Figure 2. Email threatening the victim with release of compromised video footage

Abuse of other communication apps such as Discord and Slack

While Zoom remains perhaps the most popular communication app during the pandemic, it’s not the only one that cybercriminals have abused. We found evidence of attacks that integrate other communication services — specifically Slack and Discord — into their routines.

Slack has earned a loyal following over the years, with over 10 million daily active users as of 2019. However, we also found evidence of malicious actors making use of some of its features.

We recently found a ransomware variant (Ransom.Win32.CRYPREN.C) that, on the surface, seems fairly standard in terms of capabilities. It encrypts files with the following extensions (after which it will append the .encrypted suffix):

  • .bmp
  • .doc
  • .docx
  • .gif
  • .jpeg
  • .jpg
  • .m2ts
  • .m4a
  • .mkv
  • .mov
  • .mp3
  • .mp4
  • .mpeg
  • .mpg
  • .pdf
  • .png
  • .ppt
  • .pptx
  • .txt
  • .xls
  • .xlsx

Figure 3. The ransom note for the Crypren ransomware

What makes Crypren interesting is its use of Slack webhooks to report its victims’ encryption status back to its command-and-control (C&C) server — a technique we haven’t encountered before.

Currently, it only sends back a minimal amount of data, namely computer and user names, the number of infected files, and the infection timestamp — indicating that the use of Slack for infection status reporting might still be in its testing phase.

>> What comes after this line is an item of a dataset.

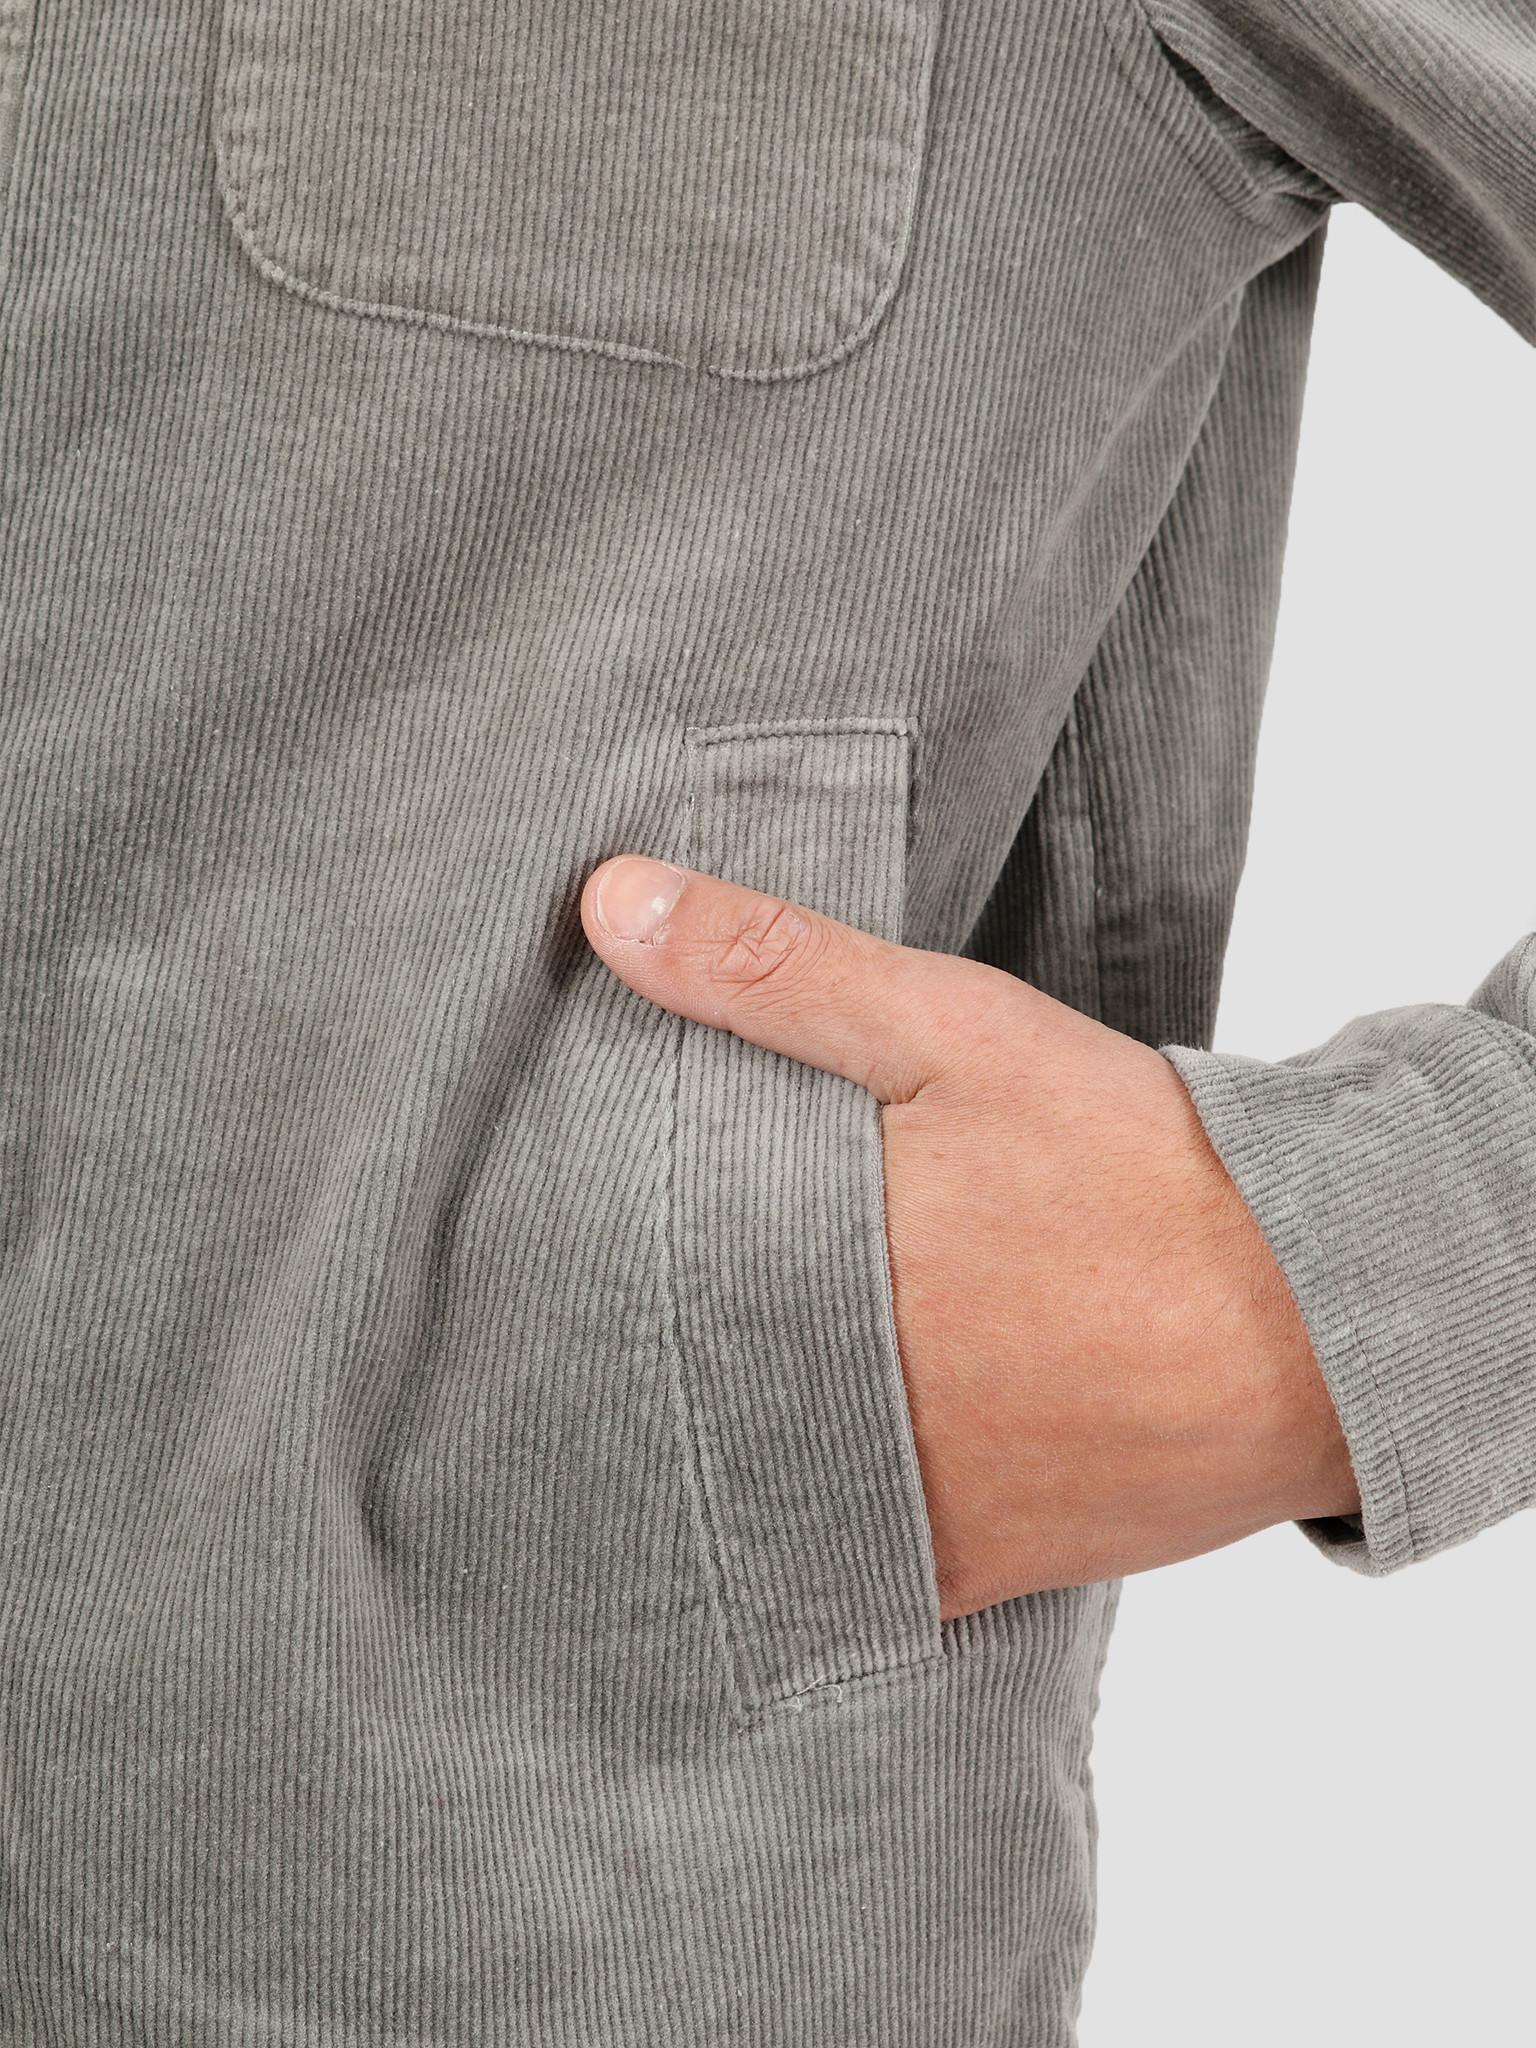 Wemoto Wemoto Conrad Jacket Olive 151.616-608

Discord is another communication software that shares similar features with Slack (while also being notable for its widespread use in gaming communities). We found samples that show how malicious actors are using Discord as part of a campaign involving malicious spam emails that eventually end in an AveMaria or AgentTesla malware infection. We first observed the use of malicious spam to deliver these malware families in 2019 — however, the addition of Discord as part of its attack routine is relatively recent.

The malicious emails are typically either postal delivery notifications or invoices with an included DHL or TNT-themed attachment:

Figure 4. Spam mail sample

These emails come with embedded links — either in the images or the text — that point to a Discord URL with the following format: hxxps://cdn[.]discordapp[.]com/attachments/{ChannelID}/{AttachmentID}/example[.]exe. These URLs are used to host AveMaria and AgentTesla, which will then infect the users’ machines once they click on the executable.

The use of legitimate apps such as Slack and Discord as part of an attack may come down to a few simple reasons: they’re well-known, widely used, free, and provide some form of anonymity. Furthermore, users are not even required to have the apps installed to download files from them, making the process streamlined and efficient. Another possible reason that explains these programs' use is that they can pass off as normal legitimate network communication. Their popularity also amounts to a high chance that employees and end-users are already using these services.

Defending against attacks that abuse communication apps

Fortunately, defending against these types of attacks is relatively straightforward. In the case of the Zoom installers, the commonality between the attacks is that they are downloaded from places other than the official Zoom download page. The simplest way to avoid infection is to download communications apps (and all apps in general) only from official channels. This will ensure that the software is free from tampering.

Users should also avoid clicking on any links or downloading attachments from suspicious or unverified emails. If unsure, it would be a good idea to double-check with the alleged sender to confirm if they were the ones who sent the email.